こんな状況を生み出したのはもちろん参謀ヘイナ。
戦勝して駐屯地へ復帰した時はまだ百人隊長や兵士たちの表情は明るく輝いていた。
しかし、それもつかの間。
状況はすぐに反転した。
戦勝報告をするとリノン城から兵士たちが押し寄せてきた。
参謀ヘイナは何ともわかりやすい女だ。
戦勝にもかかわらず、命令を無視したことを理由に俺をリノン城に召喚した。
そして、牢獄に閉じ込める。
俺の肩を持つ百人隊長とギブンのような兵士たちが話にならないと身を乗り出したが、彼らはむしろハダンに平手打ちをくらった。

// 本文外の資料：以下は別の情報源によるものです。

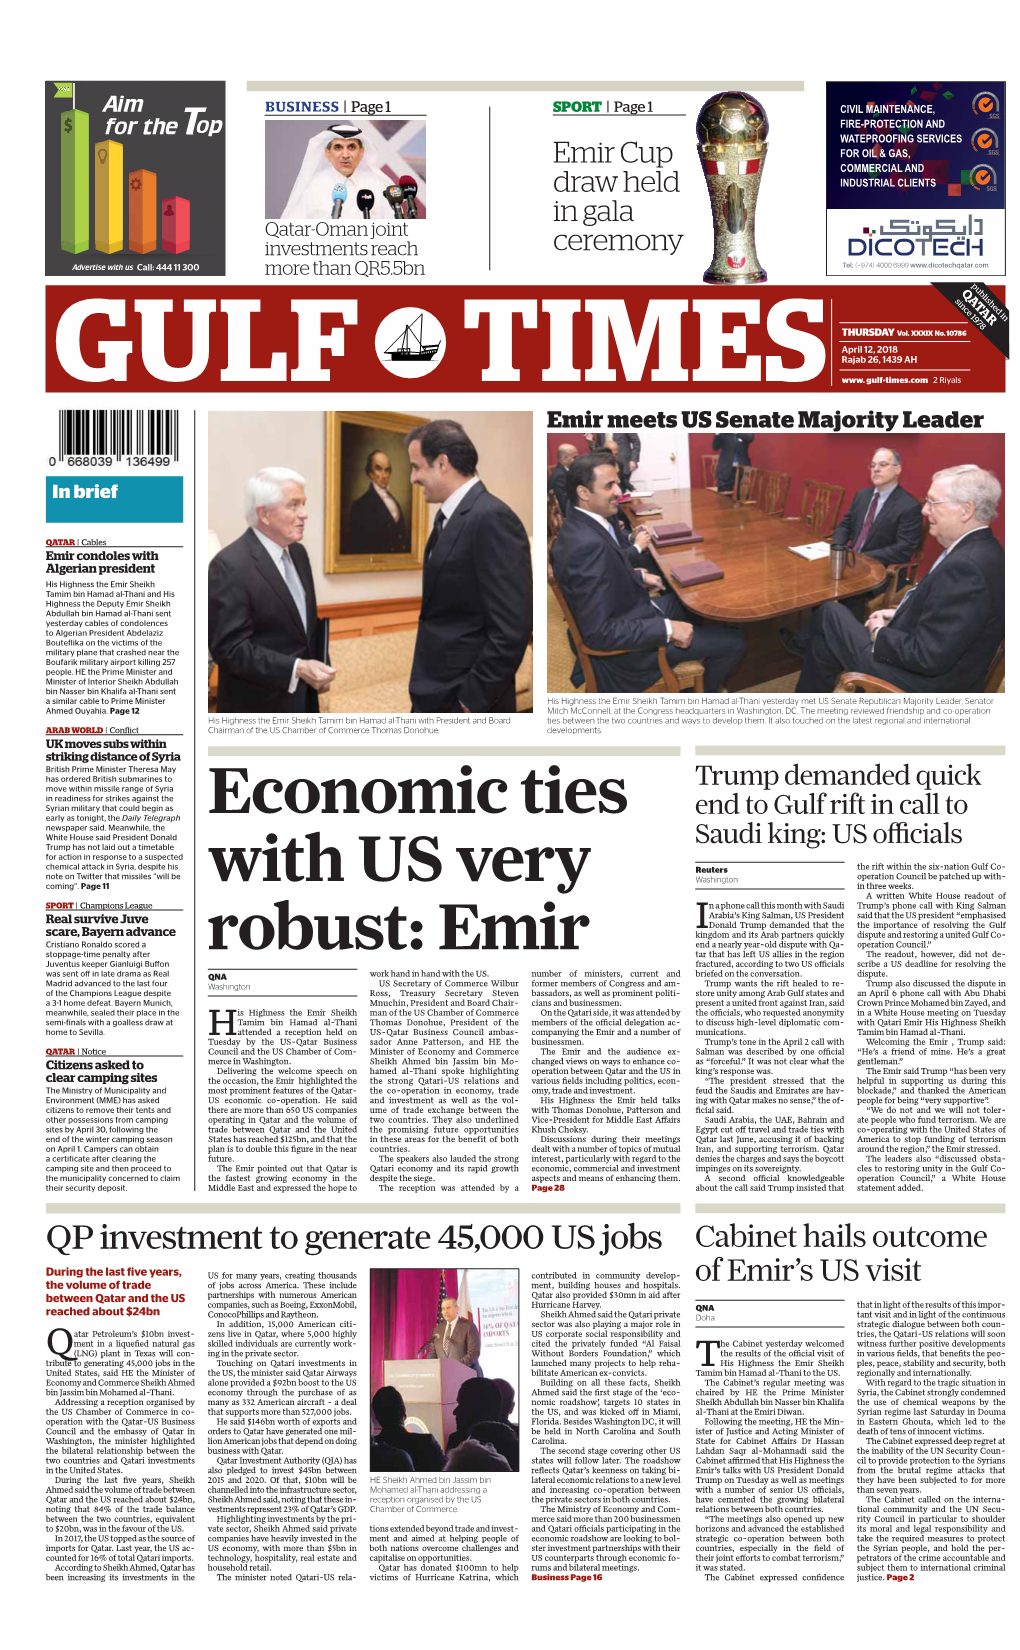 Emir Cup Draw Held in Gala Qatar-Oman Joint Investments Reach Ceremony More Than QR5.5Bn Published in QATAR Since 1978

そのようにしてリノン城の牢獄に監禁されたという話だが。
事実上そんな状況を作ったのも俺だ。
わざと捕まったというか。
ヘイナなら戦勝をしてもそんな扱いをするような気がしていた。
虫けらを見るような目で俺を見ていた彼女の眼差しを考えればなおさら。
ゲームの歴史。ゲーム上で見ると今はまだ超序盤。
主人公が活躍し始めたのはルナン王国が滅亡してからだ。
ルナン王国が滅亡する戦争については説明で見ただけ。
そのため、詳しいことまではわからない。
ただ、知っている事実があるということが重要だった。
その歴史的事実の中で最も重要なこと。
時間としてはちょうど今頃ガネン城が陥落する。
そして、ガネン城の陥落からたった一日でリノン城も陥落する。
これは俺が知っている歴史。
どういう経緯でそうなったのかはわからない。だが、陥落するということは歴史的事実だ。

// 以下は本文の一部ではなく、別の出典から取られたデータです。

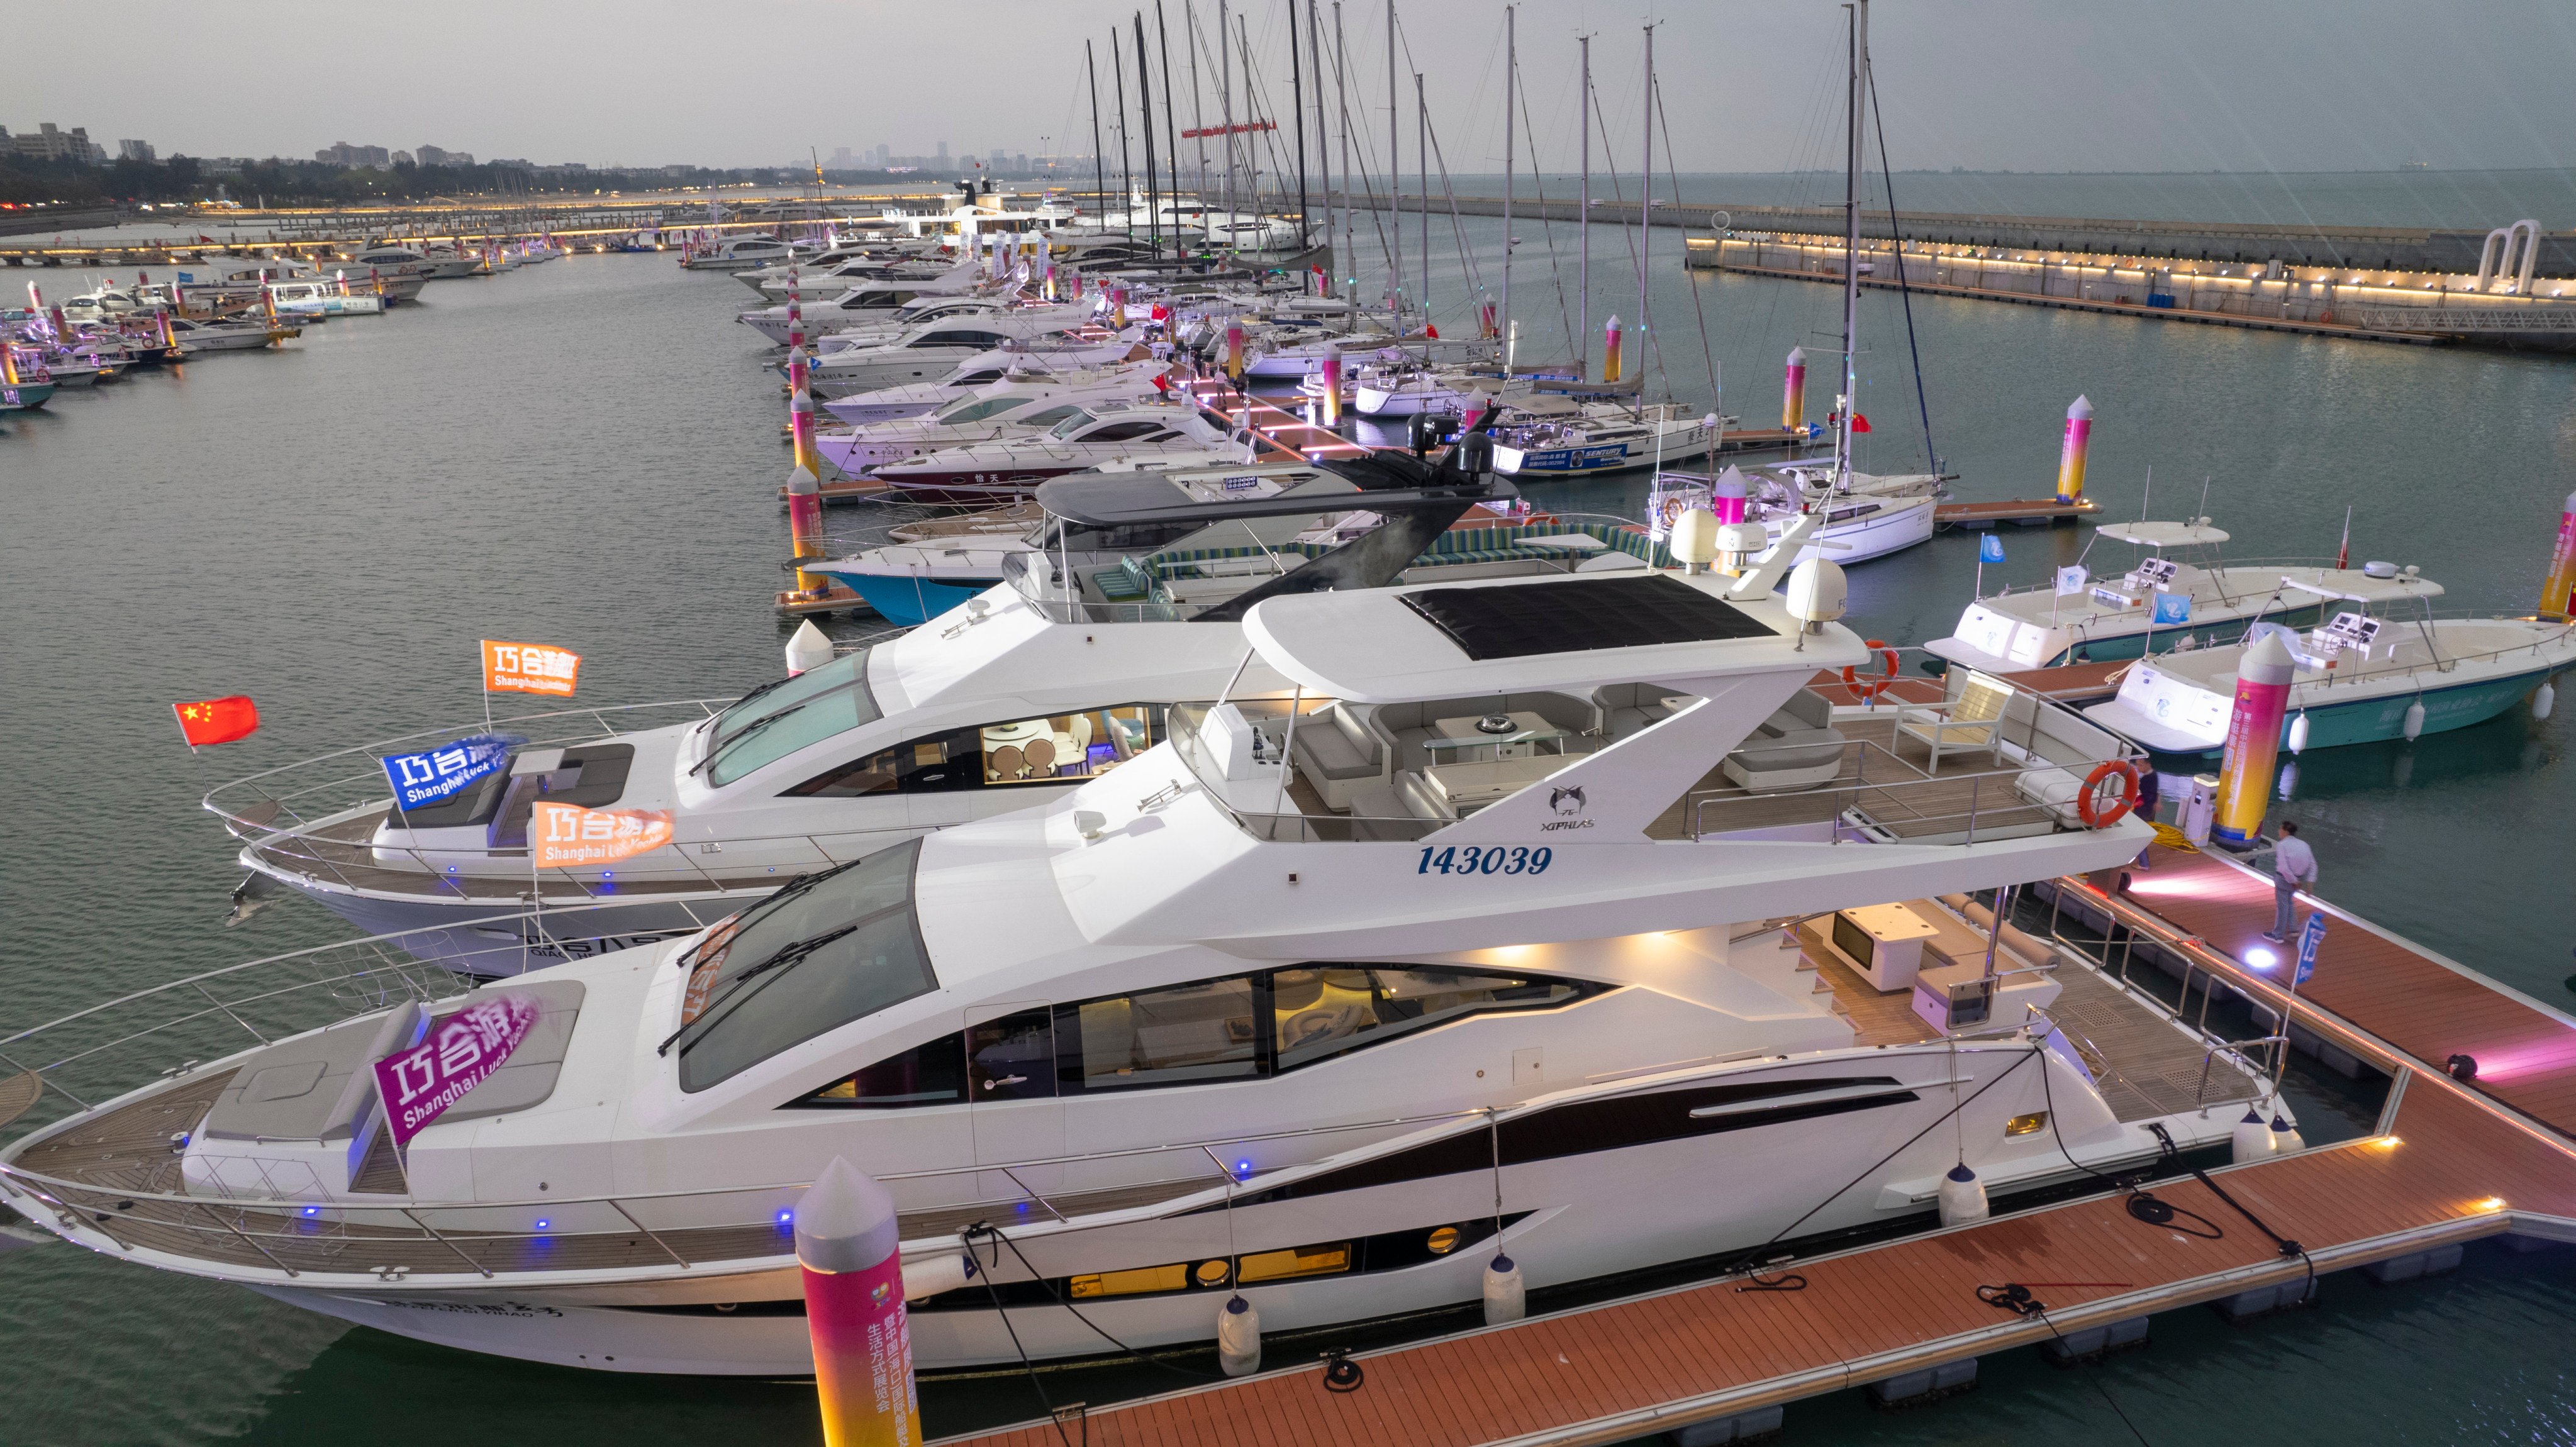 Yachts are moored at the public dock of the Haikou National Sailing Base in Haikou, Hainan province, on Tuesday during the third China International Consumer Products Expo. Photo: Getty Images

ガネン城の陥落から一夜にしてリノン城まで陥落させる方法とは一体何だろうか?
それが補給部隊への奇襲と何か関係しているかもしれない。
俺はその考えを振り切ることができなかった。
奇襲があまりにも公然と起きたから。
敵はあえて偵察隊を送りこんできた。それなのに、すぐに奇襲を実行することも中止することもなく、むしろそれに備える時間まで与えてくれた。

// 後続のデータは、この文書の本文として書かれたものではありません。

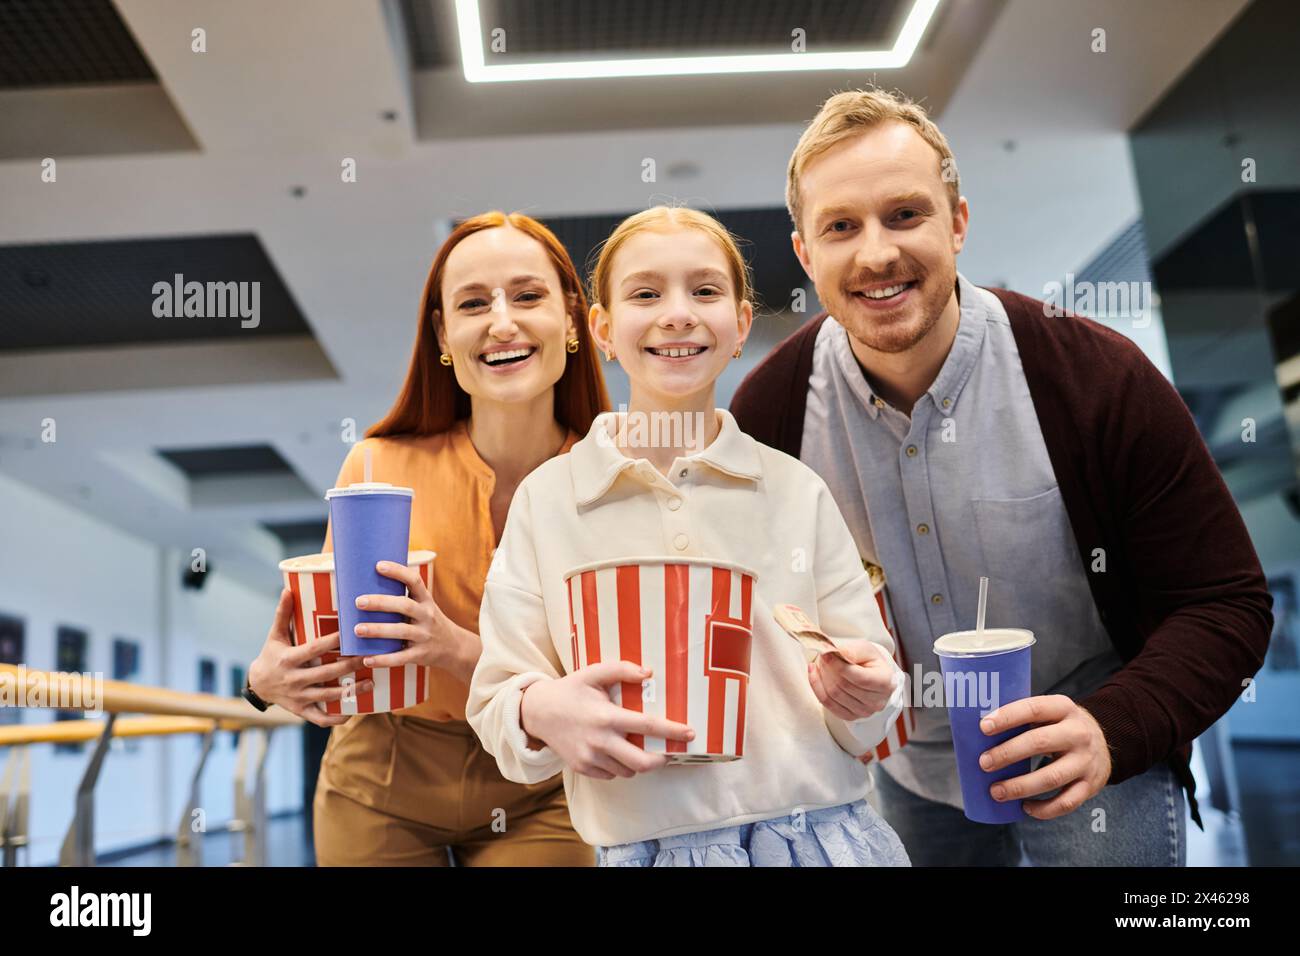 family smiling, holding cups of popcorn, bonding and enjoying a fun movie time together at the cinema. Stock Photo

奇襲は我が軍がすべての準備を終えてしばらくしてから起きる。
我われが偵察隊を捕らえたその瞬間にこの奇襲が発生していれば他意はなかっただろう。
偵察隊は戻らなかった。
つまり、敵は偵察隊が捕まったという事実を知りながらも、すぐに奇襲を実行せずに我われに時間を与えてきたのだ。作戦が漏れる危険があるのに!
だから俺はその時間のリノン城の動きに注目した。
話によると、参謀ヘイナは奇襲の情報を入手した後に持ち場を離れていた。
これがまさに敵の狙いだったら?
敵の本当の狙いは補給部隊ではなく、ヘイナがリノン城を不在にすることだったら?
それなら敵の作戦は成功したことになる。
ヘイナがリノン城を離れるよう仕向けた後に何を企んでいたのかはいまだにわからない。
敵はその時間にリノン城を攻撃したというわけでもない。ガネン城を攻撃していた。
その答えはまさにリノン城にある。
ここにいればその戦略を知れるということ。
戦略を突き止めたら反撃開始だ。
リノン城さえ守ればゲームの歴史は完全に変わるから。
俺の狙いは奪われたリノン城の奪還!
それがここへおとなしく連行されてきた理由だった。
ゲームのような現実。
その世界を掌中におさめるということにはかなり興奮する。
ゲーム好きの俺にとってはこれ以上に幸せなことはない。
システムを得たから必ずこの世界を俺のものにしてみせる!
もちろん、おとなしく捕まった理由はもうひとつある。
ハダンが捕虜をヘイナのところへ送ってしまった。
そして、ここへ入ってきながらその捕虜であるジントの姿を確認した。
正直、快哉を叫んだ。
何とかジントさえ説得できれば、今回の作戦の成功率は一気に高まる。
そんな理由で俺は独房に監禁された状態。
貴族が平民と同じ牢獄に入ることはない。貴族ゆえに独房という贅沢を享受しているところ。
ジントは前方の部屋にいる。事前にそれは確認しておいた。
ただ、そこへ行く前にやるべきことがある。
まさにレベルアップだ。
敵の奇襲を阻止して勝利を収めたから経験値が入ってきた状態。
[獲得経験値一覧]
[戦略等級B x2]
[D級がB級を殺生 x3]
ヒリナとかいう敵将の武力は80だった。よって、俺は3倍の経験値を獲得した。
川を利用した今回の戦略等級はB。
おかげでレベルは11まで上がった。
[レベルアップポイントを獲得しました。]
[保有ポイント:550]
今回の獲得ポイントは500。
既存レベルが8だったから、レベル9の達成で100ポイント。
さらに、レベル10からは200ポイントが入ってくるから、合計すると500ポイントとなる。
残りの50は既存ポイントだ。
[武力を強化しますか? 300ポイントを利用します。]
ひとまず武力を1アップした。
現在の武力は61。
大きい変化はなさそうな微弱な数値。
だが、こうして上げていけばいつかは強くなれるはず。
とりあえず250ポイントは残しておいた。スキルを使う時の消費ポイントも考えると、状況を見ながら使った方がよさそうだったから。